About this task: Would you return exactly the lines below from the line with "Template results page" through the line with "Does gp5 gas", both included, and nothing else, leaving out the pictures?

Data records:
= = = =

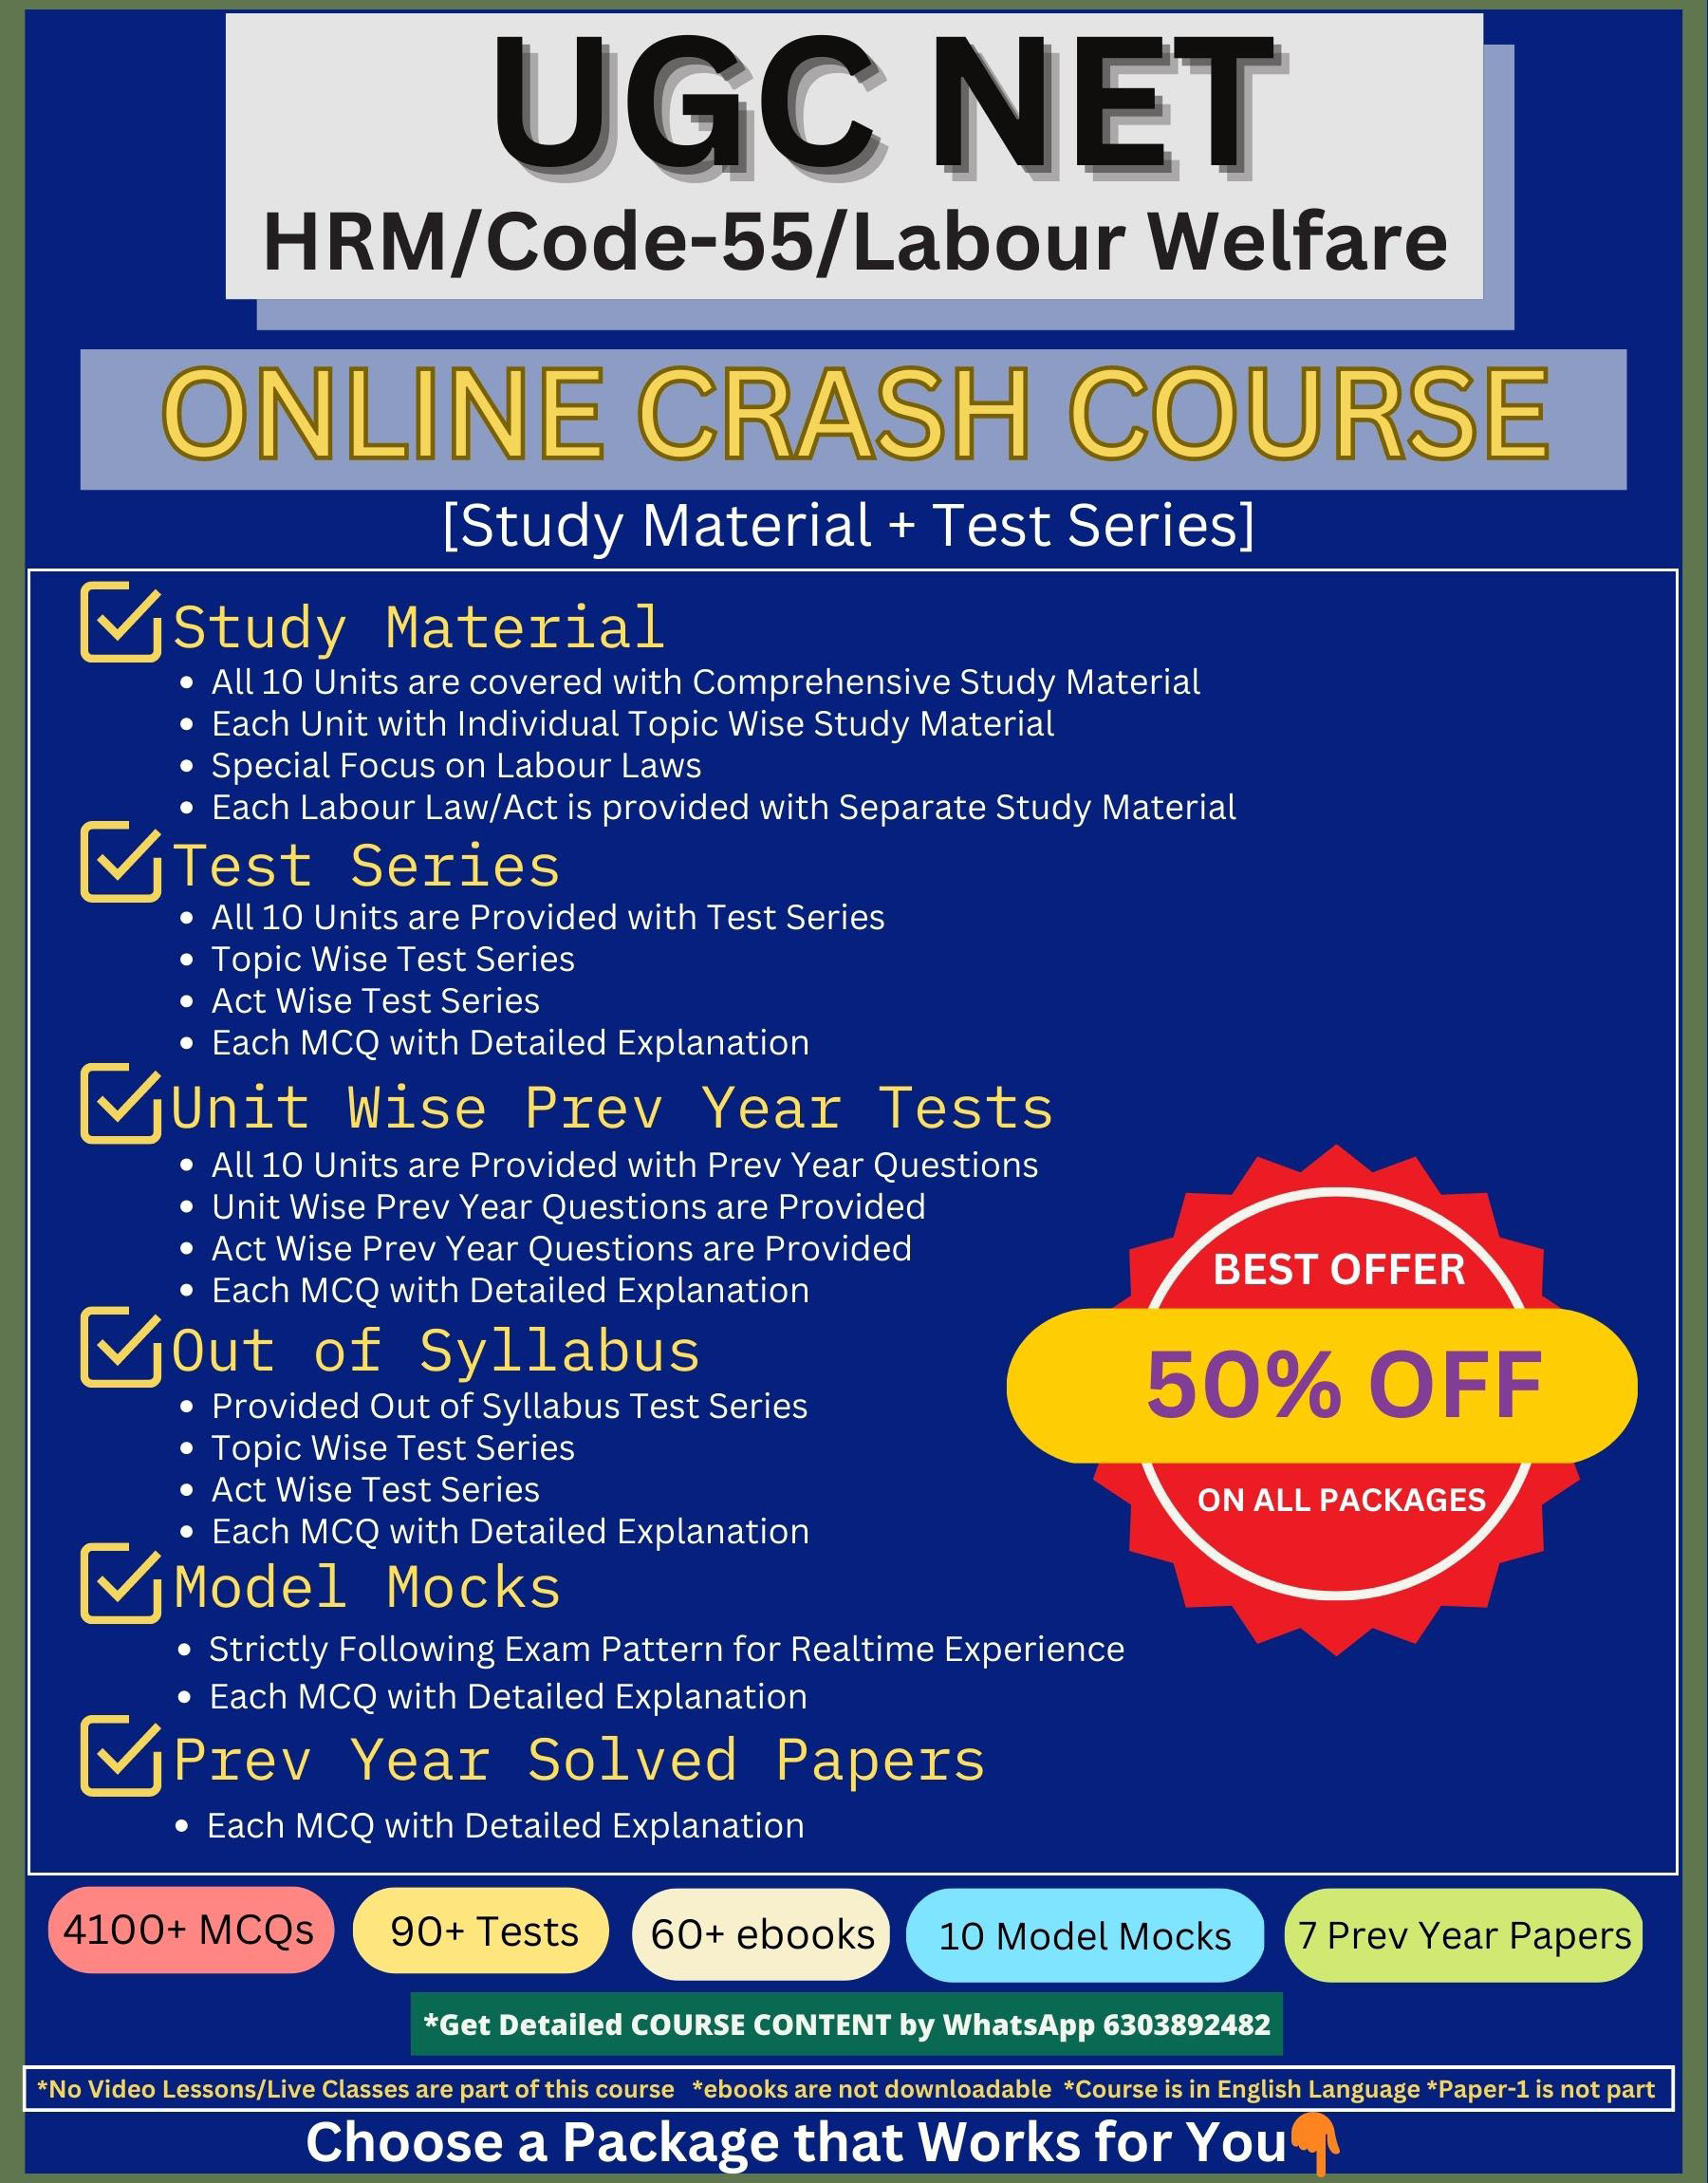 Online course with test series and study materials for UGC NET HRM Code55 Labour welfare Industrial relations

= = = =

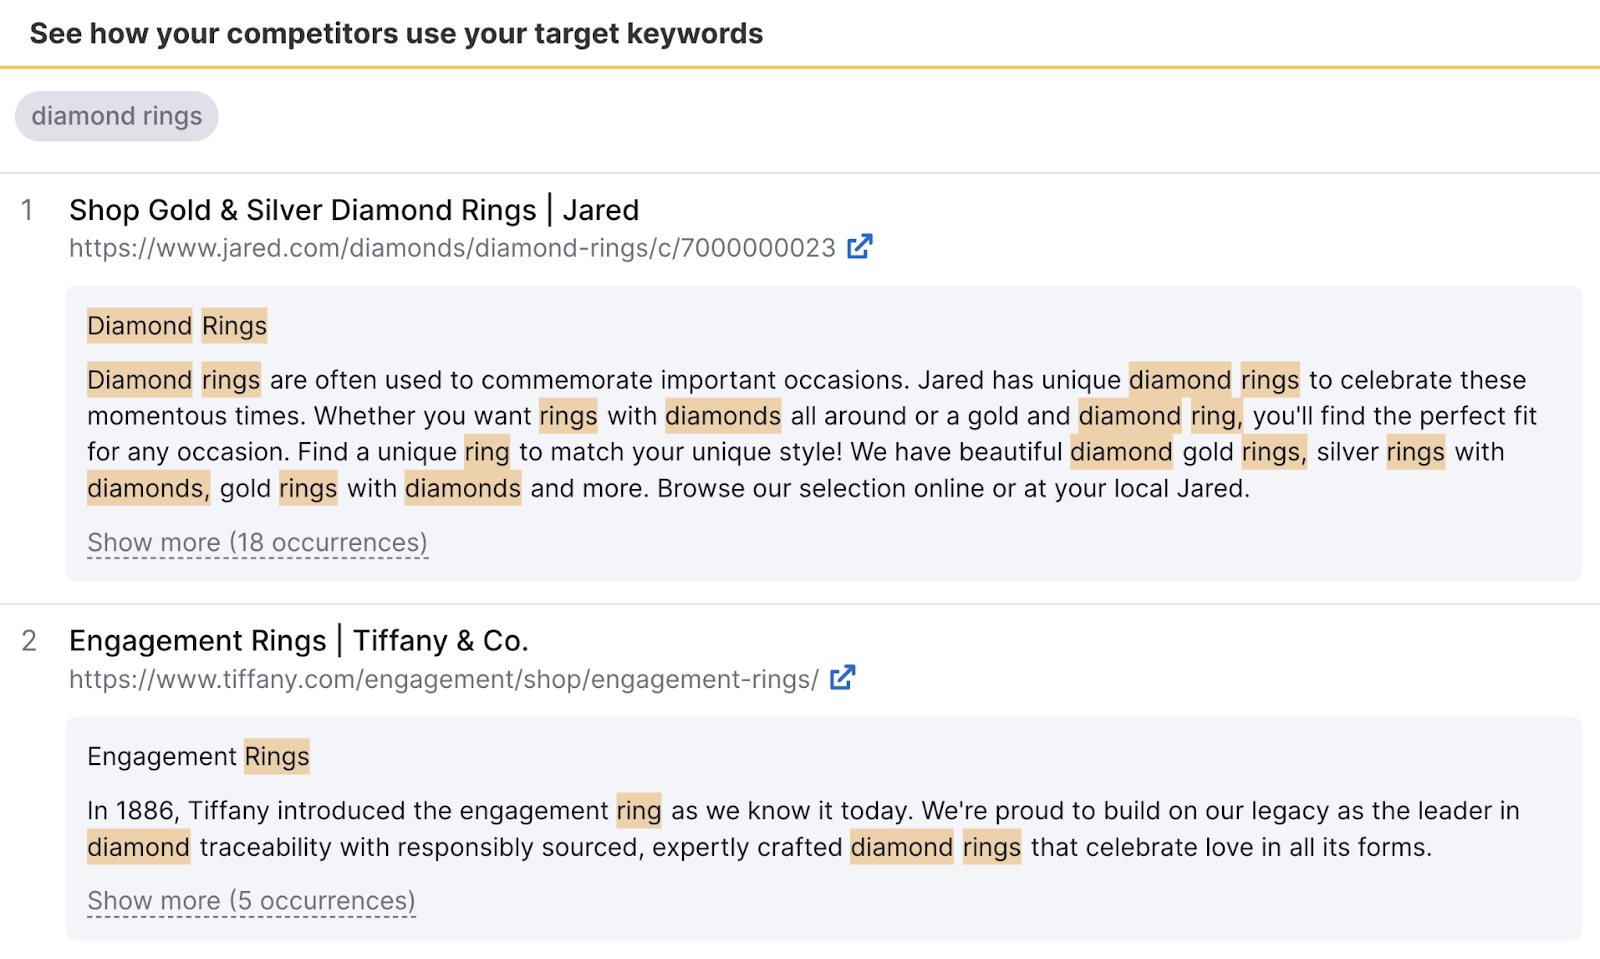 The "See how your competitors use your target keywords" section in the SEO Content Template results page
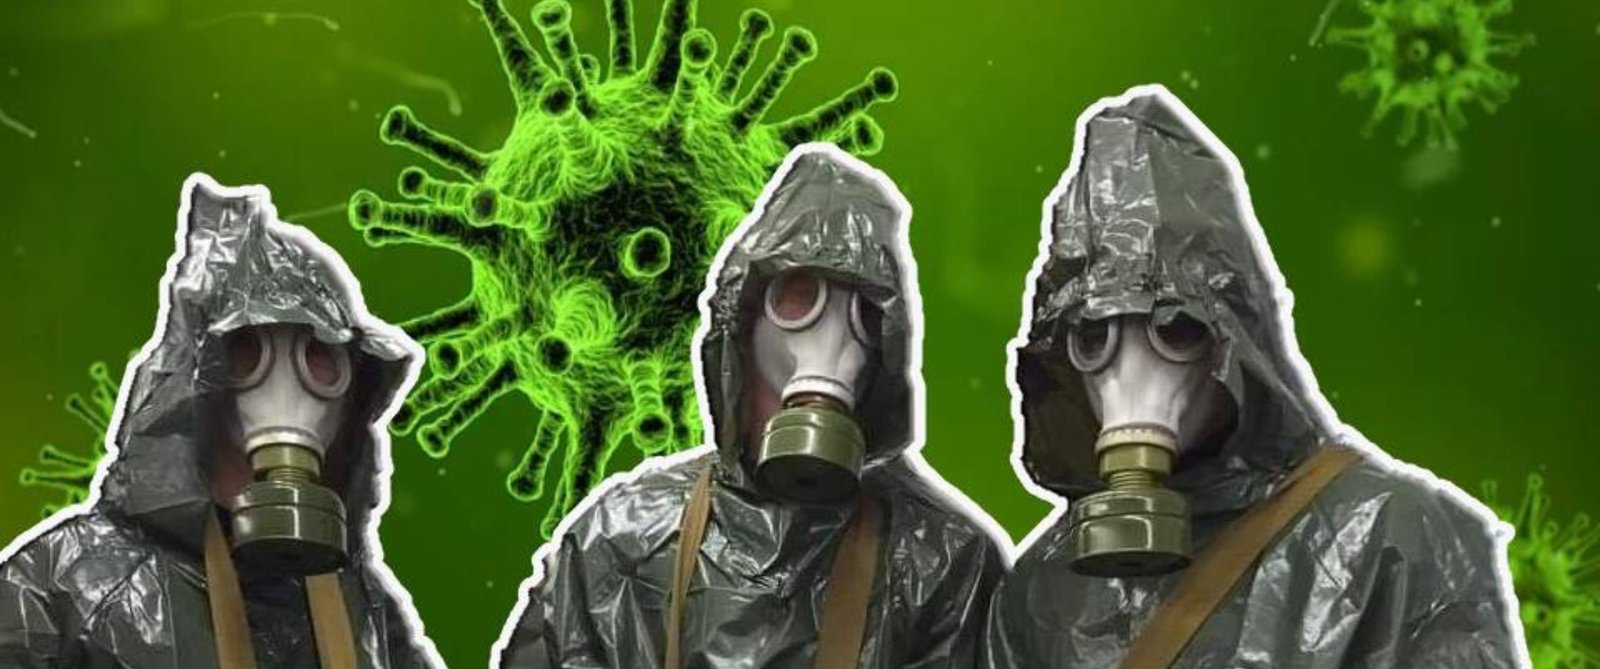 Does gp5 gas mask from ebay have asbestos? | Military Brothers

= = = =

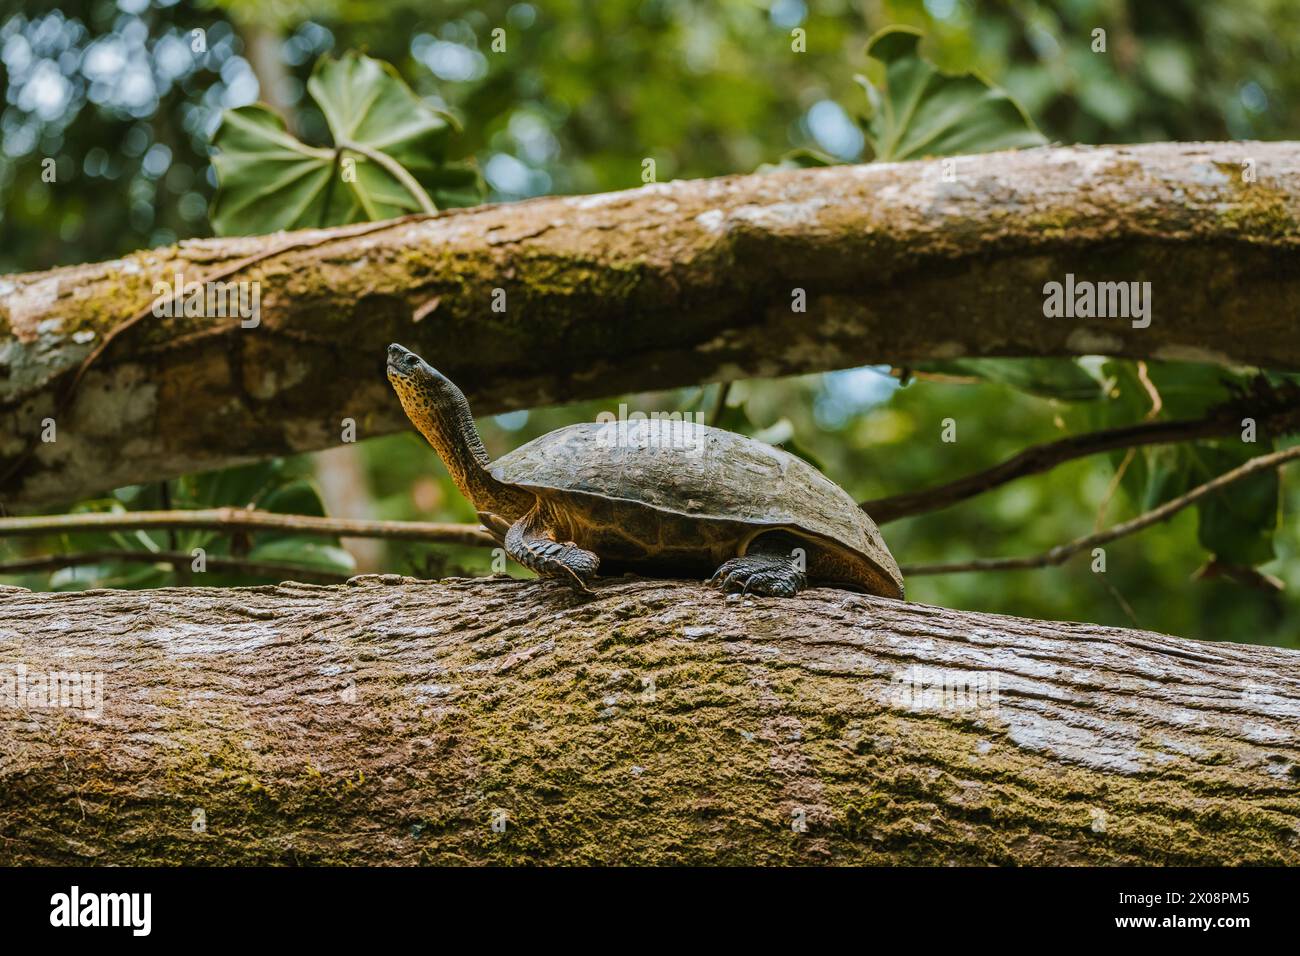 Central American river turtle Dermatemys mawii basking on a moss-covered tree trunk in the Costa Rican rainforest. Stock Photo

= = = =

Task output:
 The "See how your competitors use your target keywords" section in the SEO Content Template results page
 Does gp5 gas mask from ebay have asbestos? | Military Brothers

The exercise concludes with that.